• Task to complete
Your answer should hold exactly the lines below from the line with "Footprint of Financial" through the line with "Tokyo, Japan. 23rd", both included, and no pictures at all.

• Source material
#####
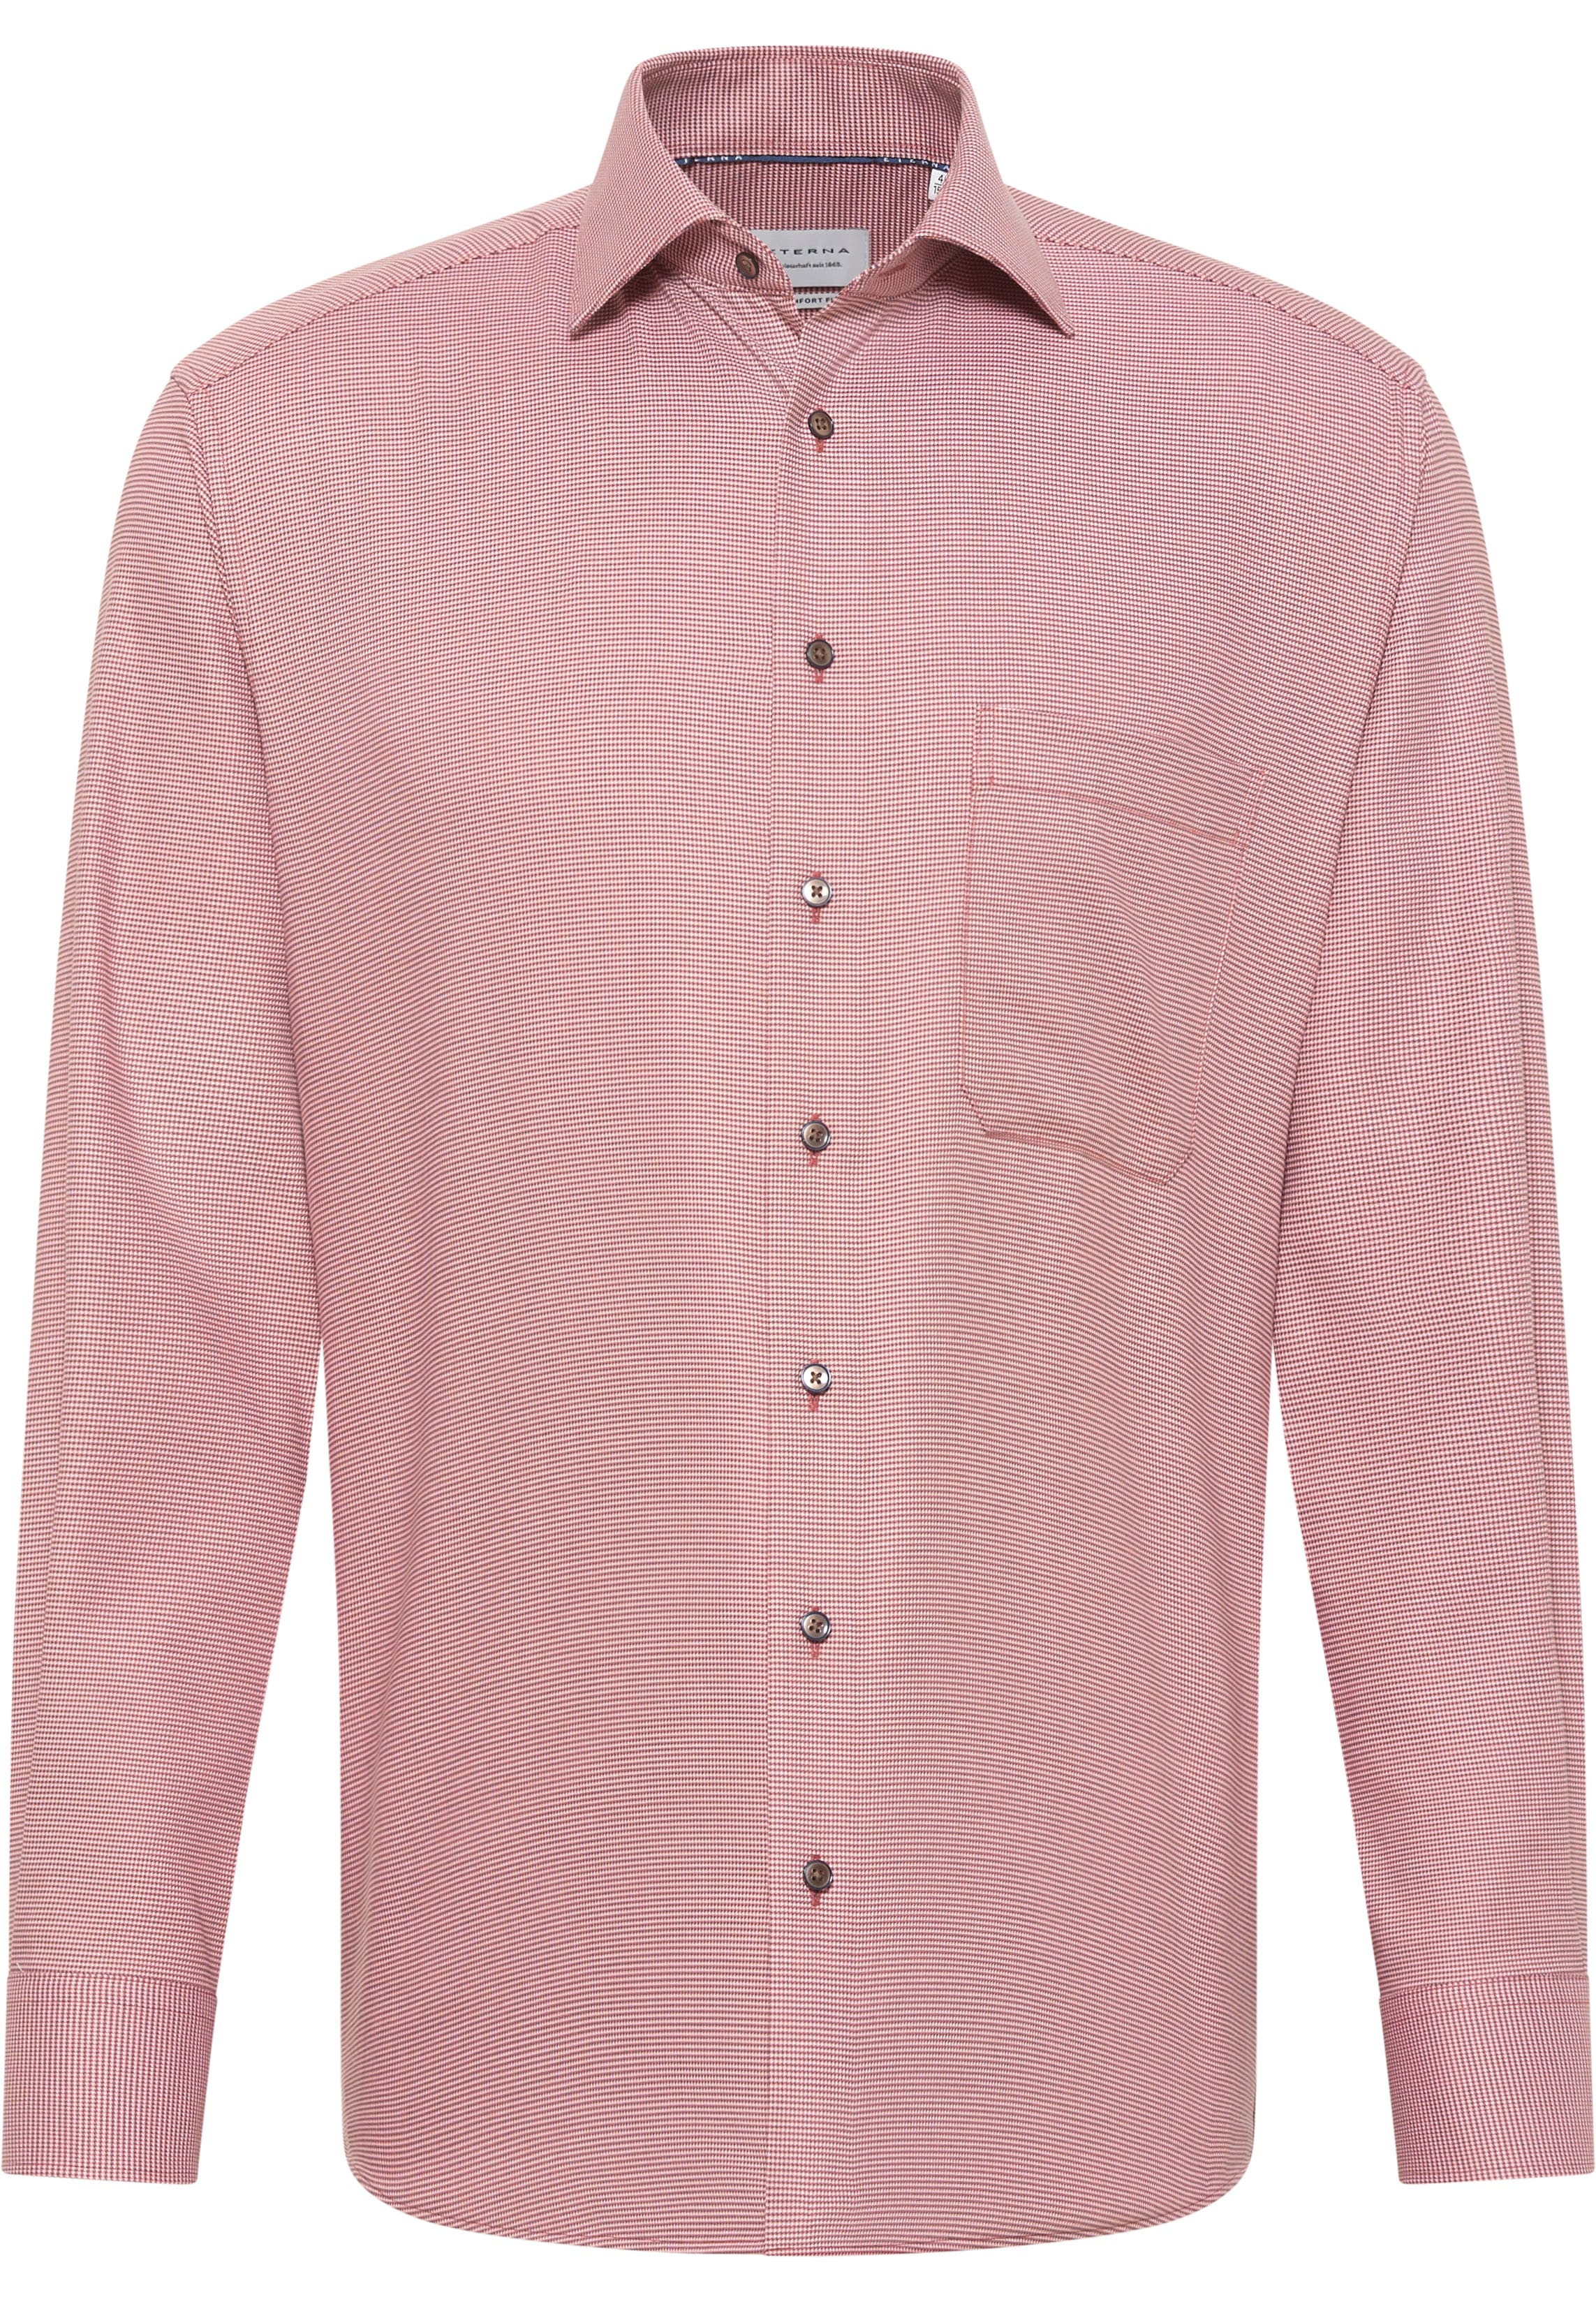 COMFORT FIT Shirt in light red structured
#####
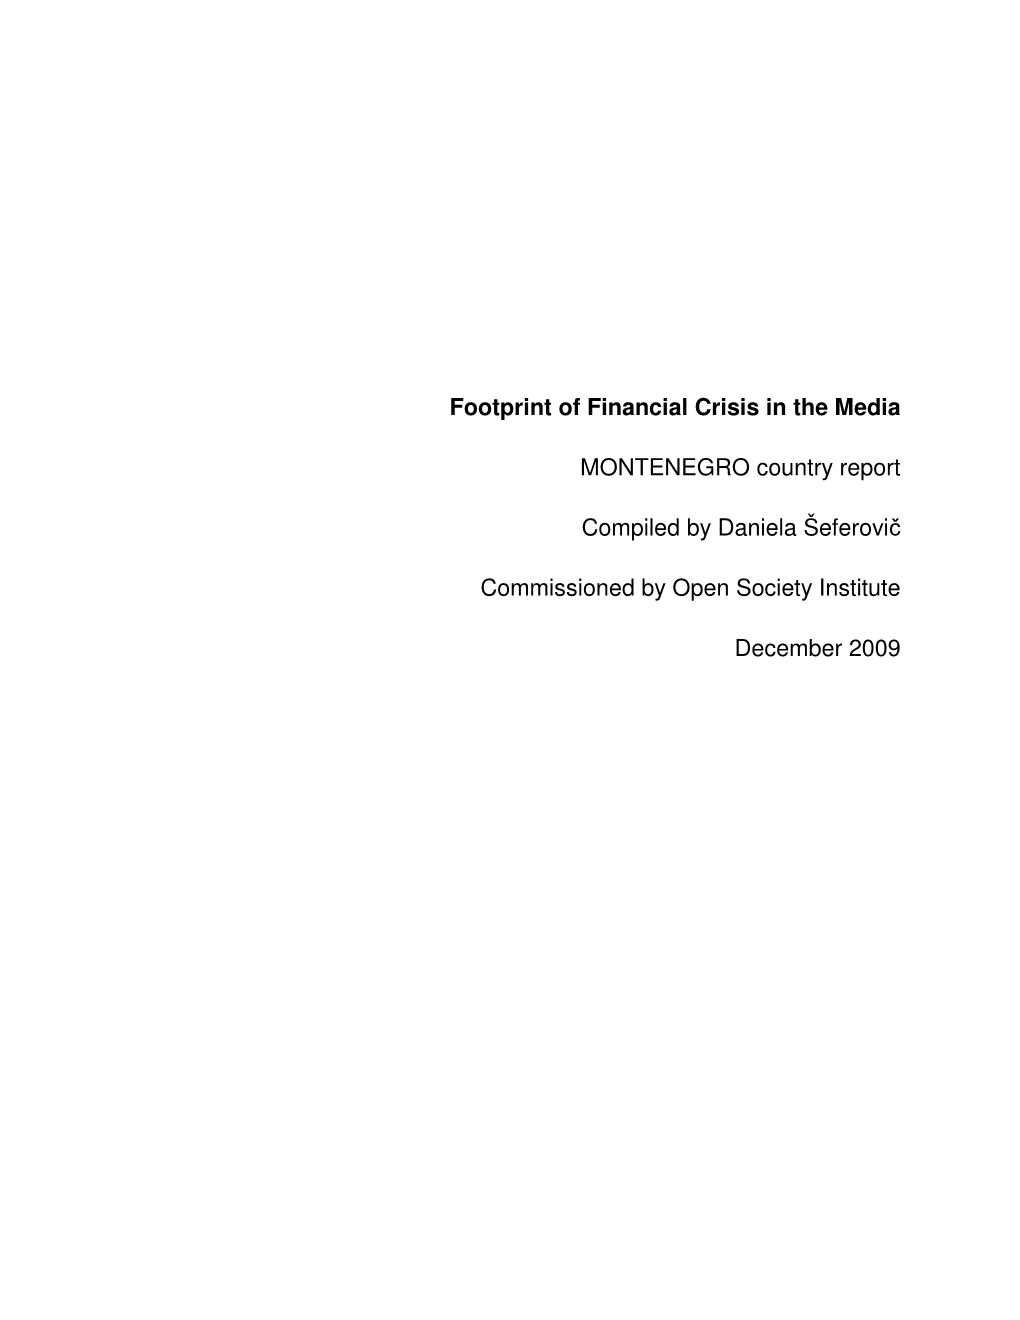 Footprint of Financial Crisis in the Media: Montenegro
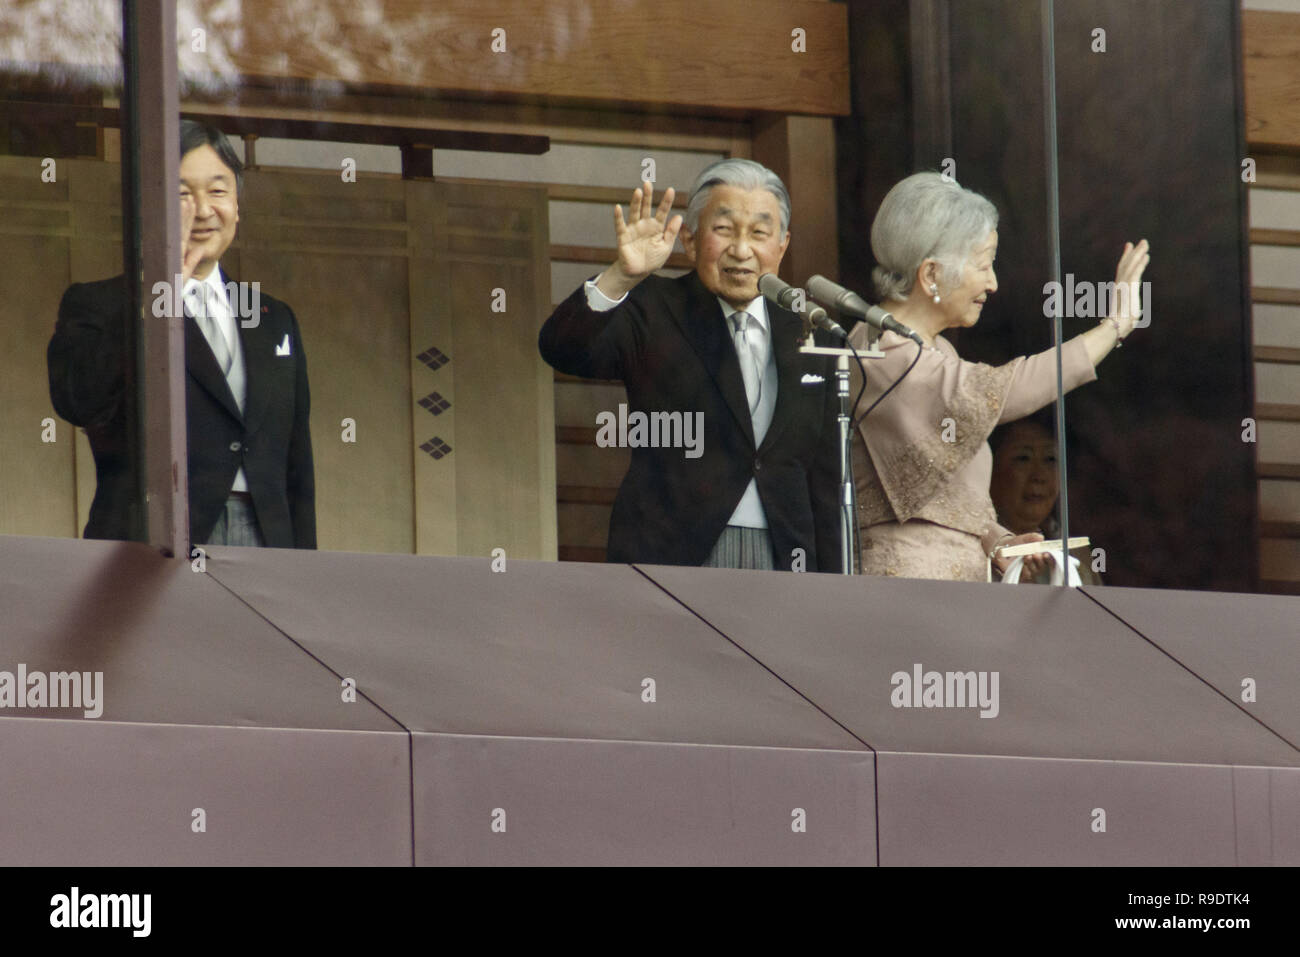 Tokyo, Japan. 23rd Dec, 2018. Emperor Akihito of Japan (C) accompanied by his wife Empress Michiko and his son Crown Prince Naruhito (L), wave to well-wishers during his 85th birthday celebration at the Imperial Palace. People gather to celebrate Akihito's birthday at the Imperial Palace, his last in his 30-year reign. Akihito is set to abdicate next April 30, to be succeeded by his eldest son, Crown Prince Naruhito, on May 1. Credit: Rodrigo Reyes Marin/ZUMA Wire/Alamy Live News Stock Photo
#####
• Output below
 Footprint of Financial Crisis in the Media: Montenegro
 Tokyo, Japan. 23rd Dec, 2018. Emperor Akihito of Japan (C) accompanied by his wife Empress Michiko and his son Crown Prince Naruhito (L), wave to well-wishers during his 85th birthday celebration at the Imperial Palace. People gather to celebrate Akihito's birthday at the Imperial Palace, his last in his 30-year reign. Akihito is set to abdicate next April 30, to be succeeded by his eldest son, Crown Prince Naruhito, on May 1. Credit: Rodrigo Reyes Marin/ZUMA Wire/Alamy Live News Stock Photo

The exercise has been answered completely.